Rather, to the extent that there is conflict in the novel, it arises from humans' interactions with the objects we have designed to improve and simplify our lives. To the extent that there is a plot or "problem" that approaches "resolution" in the novel, it is the fact that Howie breaks a shoelace early in the book. He then realizes that he broke the shoelace on the other foot only the day before (this has totally happened to me as well, and maybe to any reader). This leads him to ponder the mystery of why the two laces would have snapped at nearly the same time. He considers a handful of theories but cannot choose between them.

At last, we learn from his future self, recording the events of the escalator ride and the lunch hour that preceded it, that he will eventually find a series of journal articles in the library that touch upon the question (we learn from Baker the technical name for the precise field of knowledge that the shoelace problem concerns: tribology), and he concludes that it no longer need concern him -- the forces of scientific advance are already at work to deliver an answer.

But even this dénouement, such as it is, is confined to a footnote. (The use of this pseudo-scholarly apparatus is one of the novel's eye-rolling postmodern gimmicks, as well as one of its decided charms.)

There are, however, themes of this book -- beyond an intricate (and intrinsically fascinating), often recondite wrestling with the problems of manufacturing. These themes help to sustain one's interest a bit, although I swear, I'd be willing to read Nicholson Baker going for 130 pages straight on shoelaces alone, whether there was any larger claim about life, death, and love being made or not.

One apparent theme of the book is highly appropriate to a recent event in my own life: namely, that of turning 29. I hadn't picked up Baker's novel with any definite foreknowledge that it would have anything to say about that particular time of life, but I since did some back-of-the-envelope arithmetic and discovered that this was the age at which he wrote its first sections (apparently published in 1986, even if the full novel didn't come out until 1988).

The book is highly redolent of my experience of this particular phase of life, and I suspect of many others'. It is a time when one is just barely ensconced enough in the first stages of a career that one's life anxieties suddenly shift from obsessively circling around the problem of how to get a job to the problem of how to leave one's current job in order to pursue one's "dreams," or one's "true potential."
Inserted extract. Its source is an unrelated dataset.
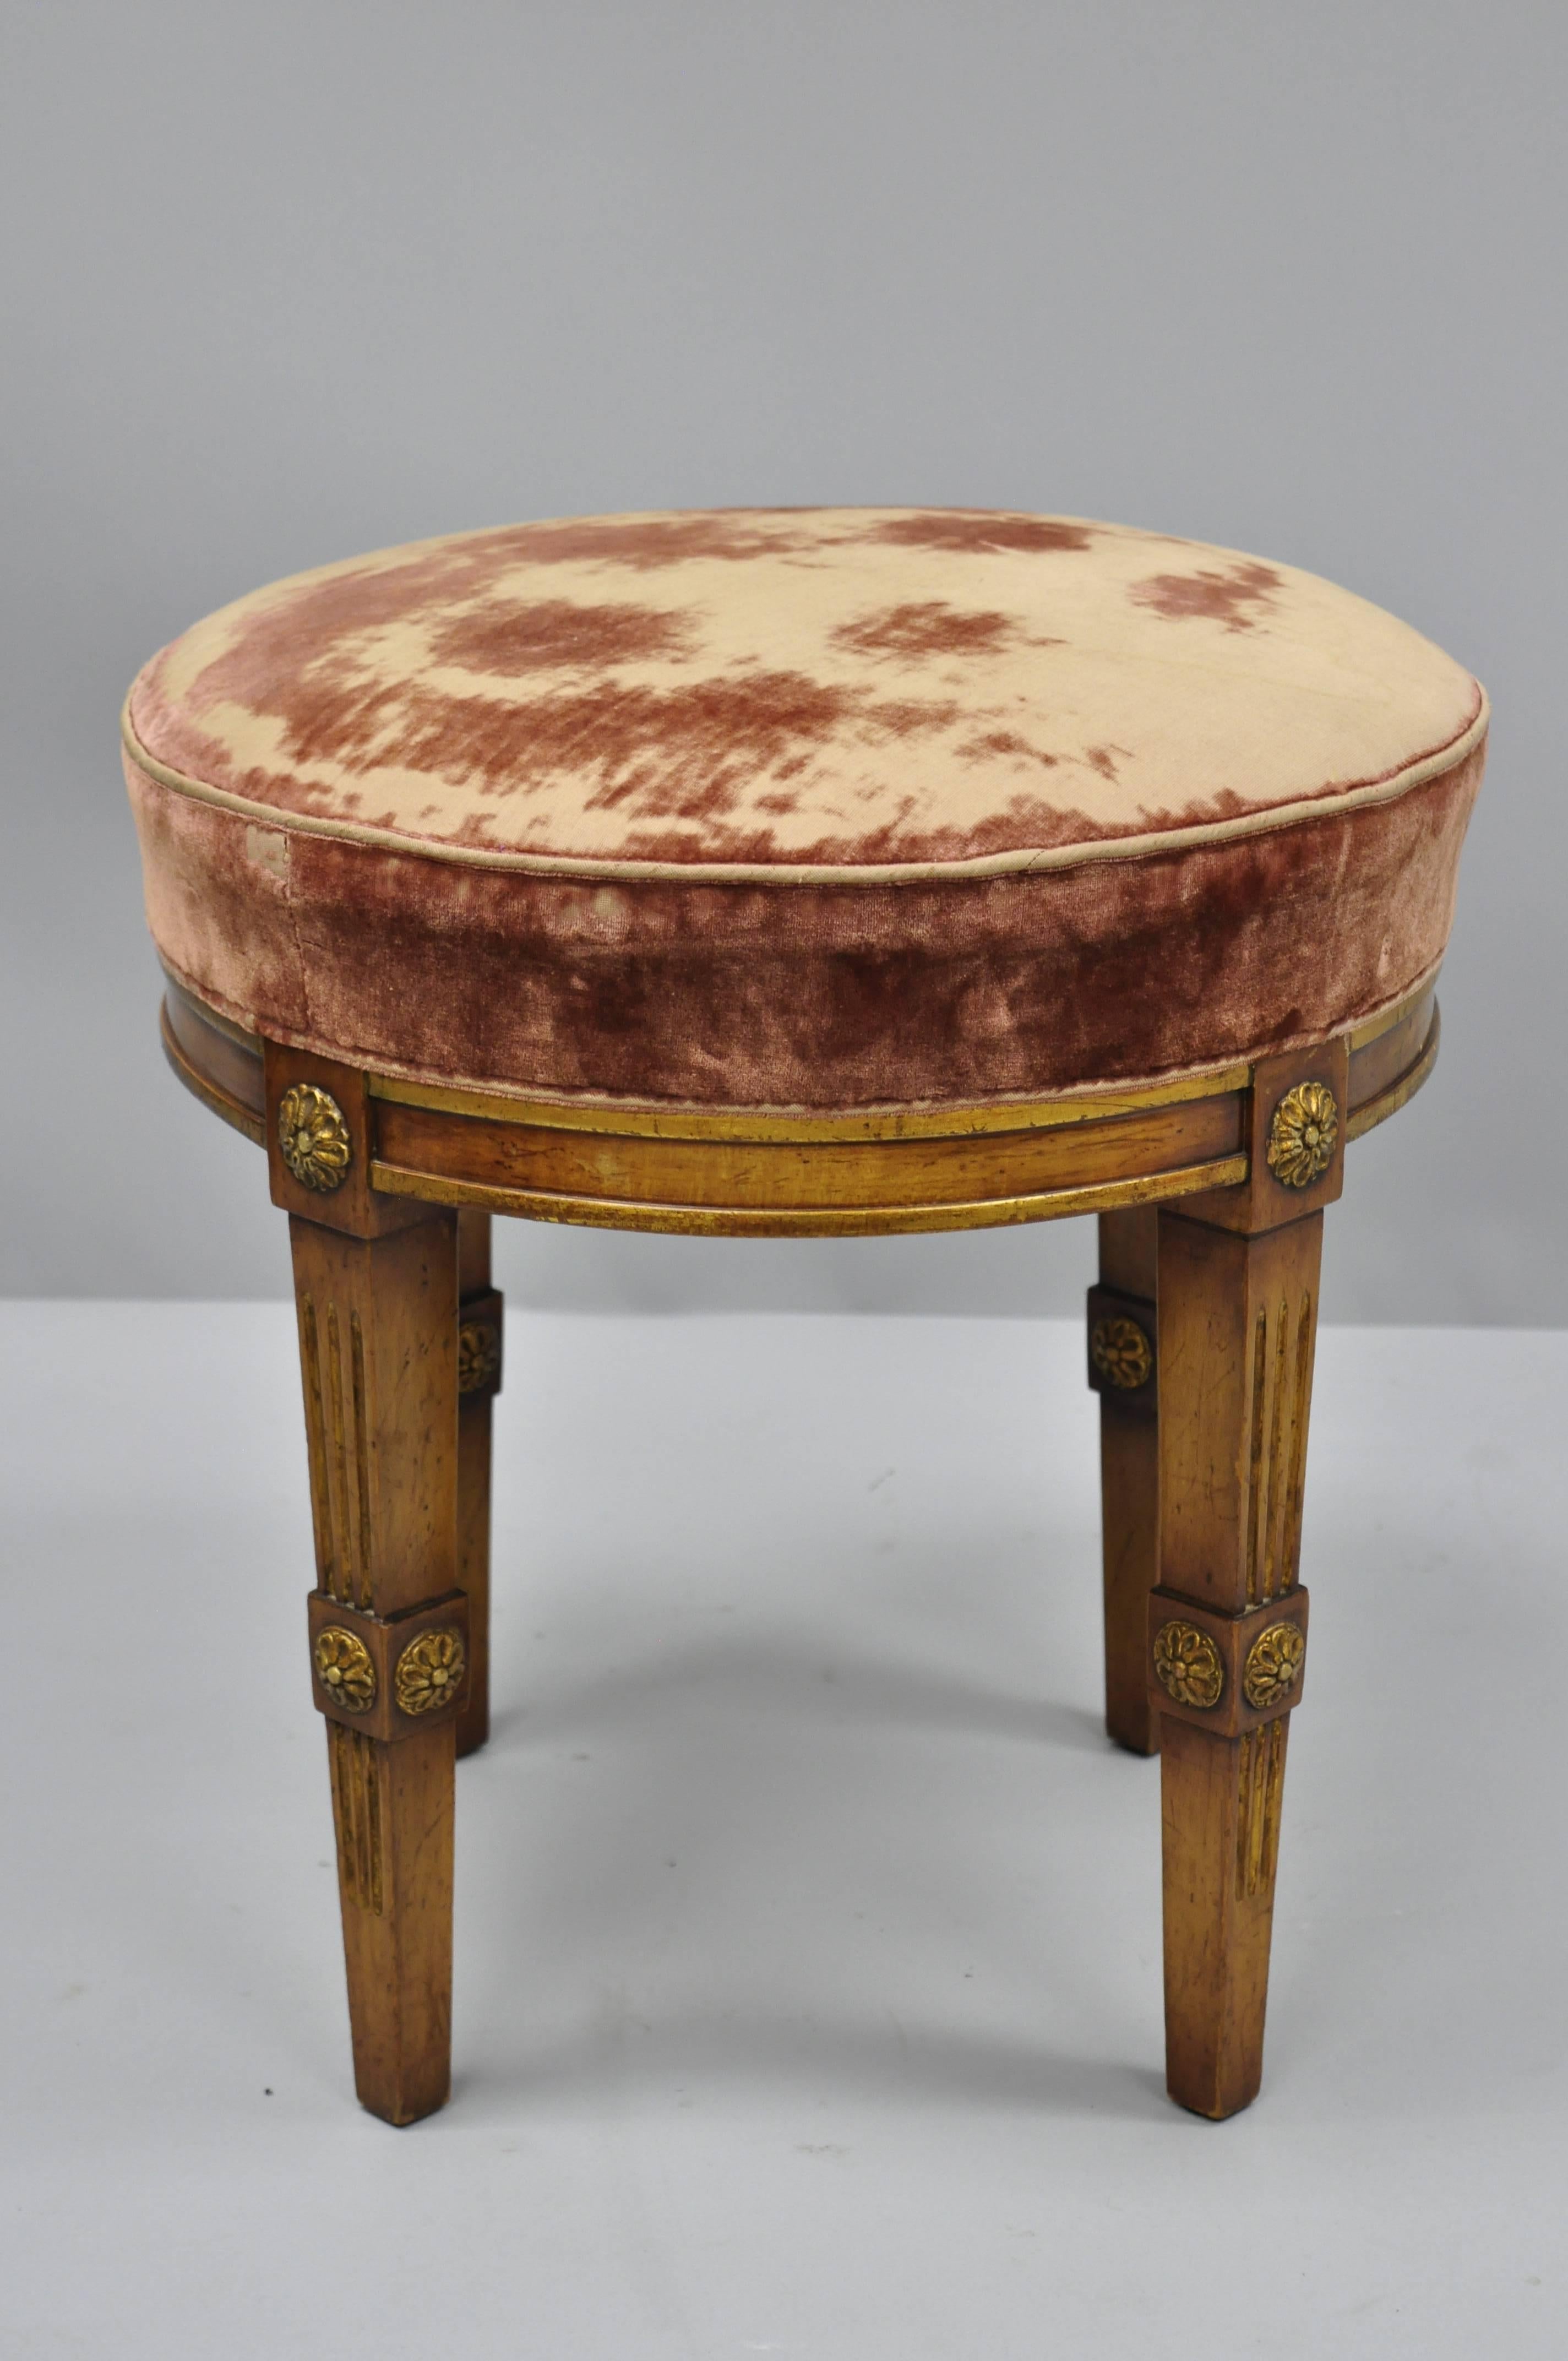 French Louis XVI Directoire style round neoclassical stool. Item features distressed gold gilt accents, wood rosettes, solid wood construction, tapered legs, circa early to mid-20th century. Measurements: 18.5

Howie, our narrator, notes at one point, while seeking an article in an MIT product manufacturing research journal about shoelace abrasions, that it prompted him to want to want to quit his current company for a moment, start over from the bottom, and train to become an expert in materials science. I had had exactly the same fleeting desire, reading the sentence before this.

Howie -- whose obsessions become clear to us through following his brain activity minutely over the course of a lunch hour -- is terrified both that he is getting too old, and that he is still too young. This is very much the trouble with life at 29.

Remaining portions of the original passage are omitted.